The fungus fructification (pycnidia and perithecia) appears under the bark in the form of orange warts and subsequently layers of felty mycelia. New shoots appear on the trunk at the base of the infection points to replace the blighted underlying vegetation.

The extent of tree damage varies according to the fungus pathology and genetic features of the chestnut tree.

Despite the advances in chestnut blight research, it still remains one of the major causes of the degradation of chestnut woodland in many areas.
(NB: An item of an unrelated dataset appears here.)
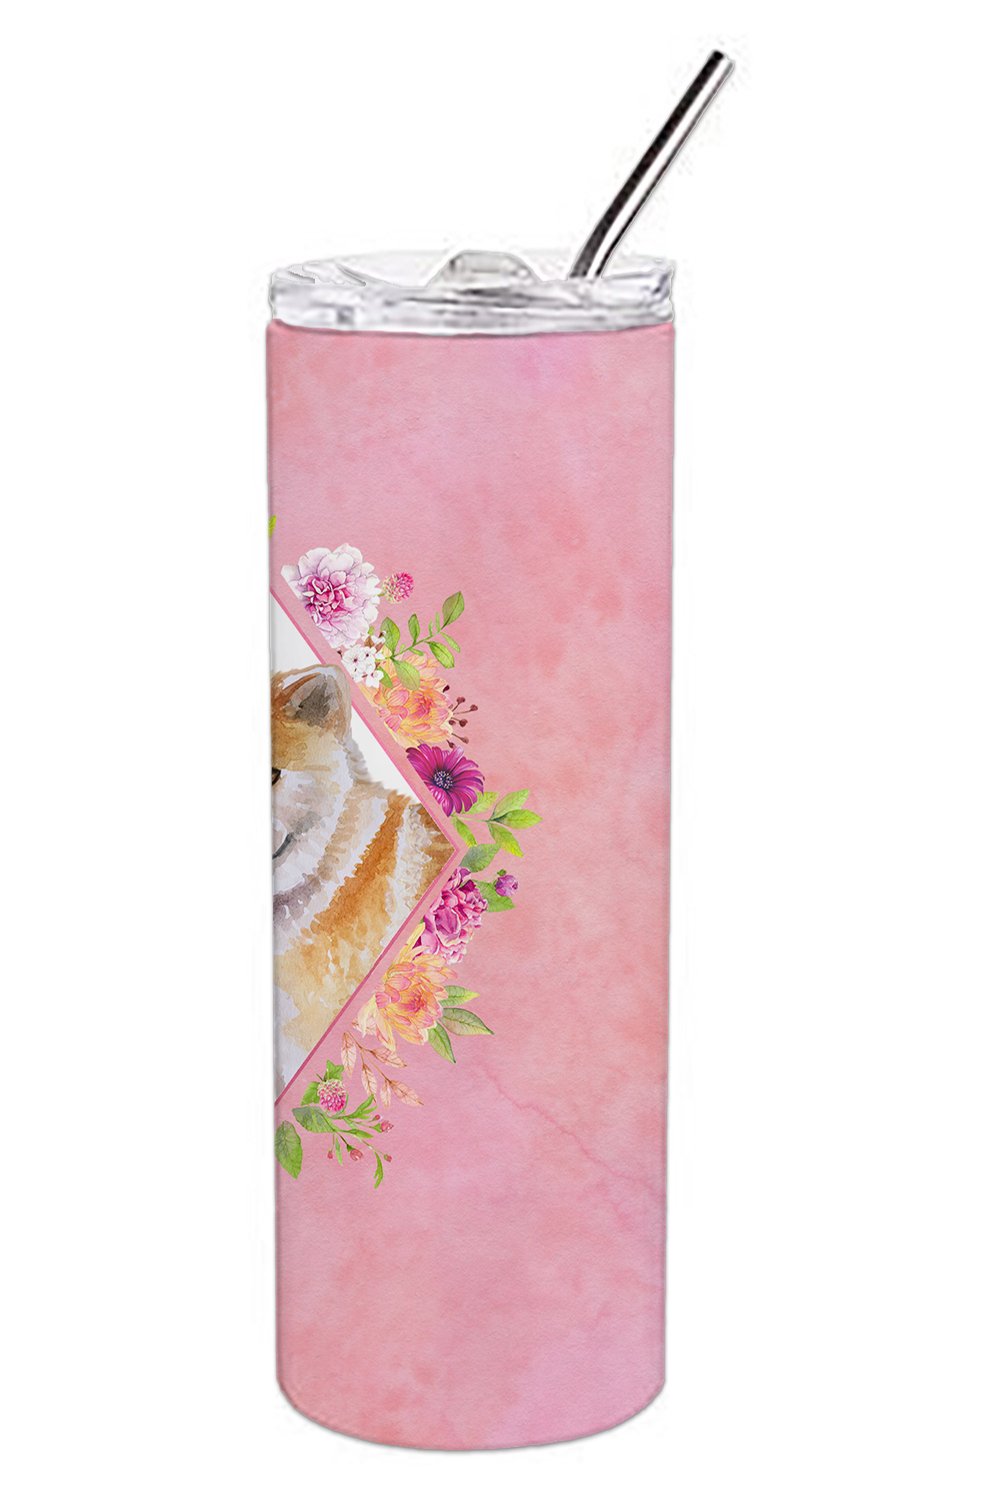 Shiba Inu Pink Flowers Double Walled Stainless Steel 20 oz Skinny Tumbler CK4183TBL20 by Caroline's Treasures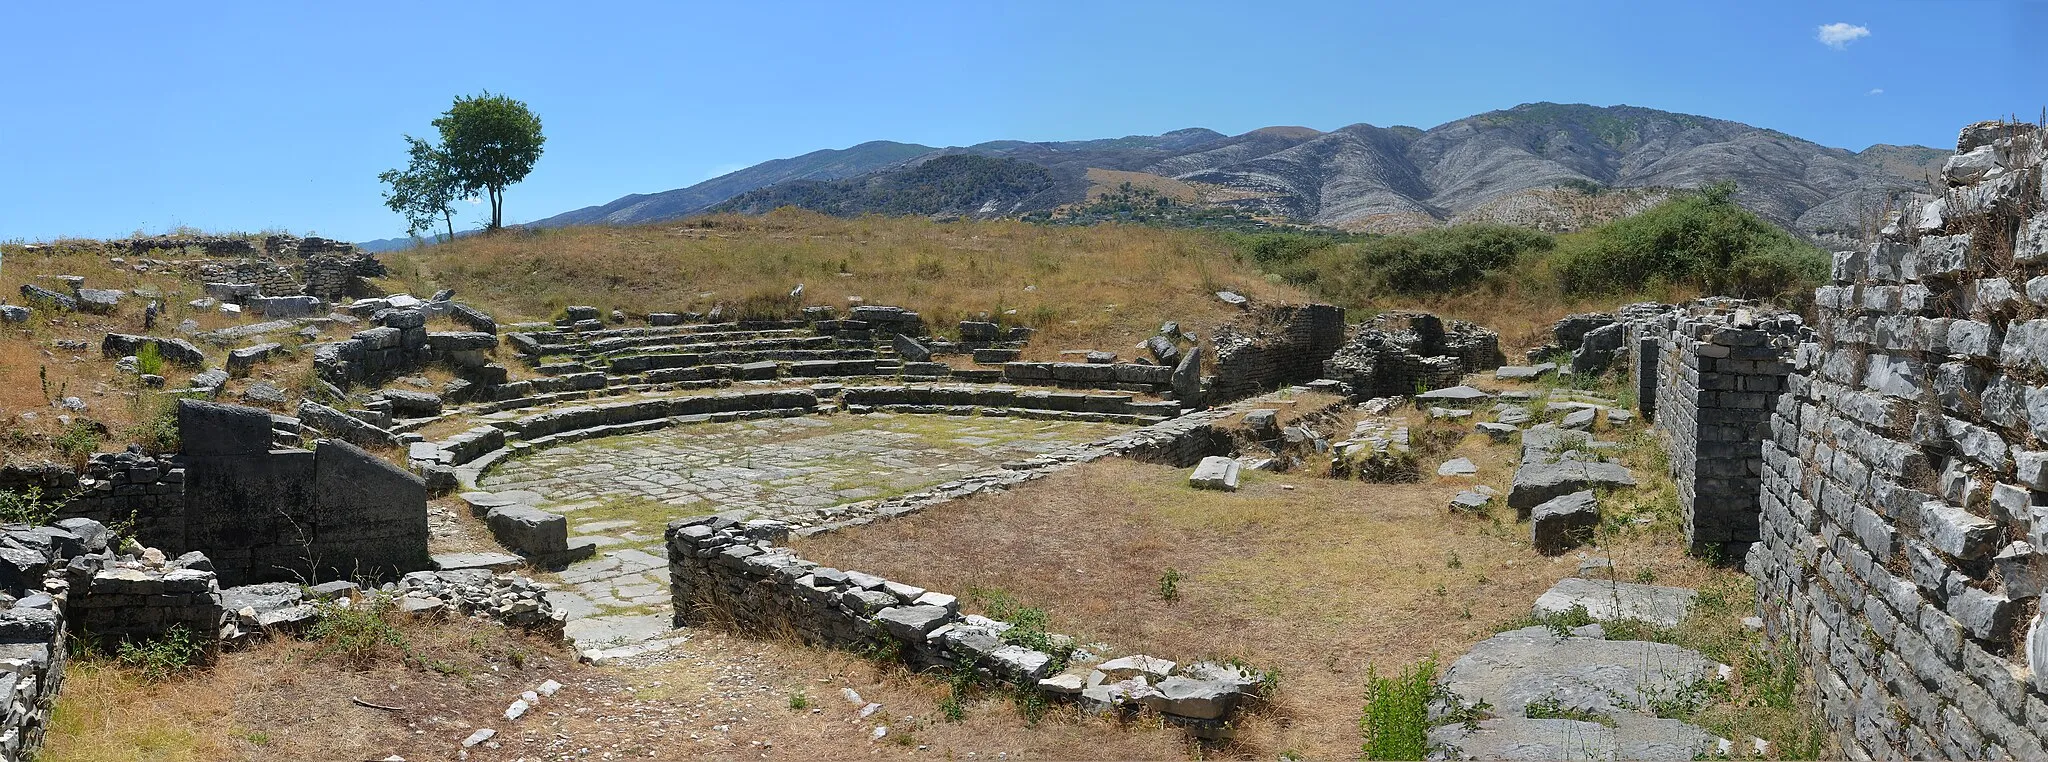 Photo showing: The ruins of the antique theater of Hadrianopolis near Sofratika, Albania

The disease is controlled by the selection and use of resistant genetic material and in the implementation of preventive measures such as regular removal of infected wood residues by means of the tools used in tree pruning and grafting.

The most significant operations undertaken in chestnut areas for limiting the disease and promoting new cultivation is the restoration of diseased chestnut trees by cutting away the infected branches.

In order to ensure the success of this reclamation work, these operations should be undertaken on entire woods and not limited to sporadic "leopard spot" interventions.

Another potential means of fighting the disease is by biological control and the spread of hypo-virulent fungi strains in the infected chestnut woods; these strains are easy to identify due to their weak pathogenetic effect and the white colour of the micelium (yellow in the virulent strains, white in the hypovirulent).

A particular feature of these types is their capacity for transferring their properties to the normal (virulent) types by means of union of the fungi hypha (anastomosis), thereby making them harmless.

A true disease control programme has been developed using this method which consists of the artificial introduction of hypo-virulent strains in the chestnut woods. Hypo-virulence also tends to spread naturally in many chestnut woods, thereby permitting the favourable evolution of the epidemic and so ensuring the survival of the trees themselves.

INK DISEASE

Ink disease gets its name from the inky black colour of the diseased roots and the visible seepage at the base of the trunk and is, together with canker blight, the most damaging disease of the chestnut tree. The disease has been studied since the last century but the actual pathogenic agent (a fungus) was only identified in 1917 by Lionello Petri, an Italian pathologist.

Phytophthora cinnamomi and P. cambivora, which tend to thrive in humid and poorly drained soils, are the agents of the disease.

The disease manifests itself with rot extended to the roots and the base of the trunk, defoliation, premature drying out of the foliage, unripe husks which remain on the bare branches, leading to the gradual withering and death of the tree.

To prevent the spread and attacks of the disease it is very important to avoid stagnant water areas and to keep the trees well managed and trained.

The control of the diseases involves the use of Euro-Japanese chestnut hybrid rootstocks which however do not always appear suited to the pedo-soils or are not genetically compatible with local varieties. Searching and selection of resistant rootstocks in the European chestnut germplasm may be an alternative solution to the problem, while chemical disease control with systemic fungicides has many economic and ecological drawbacks.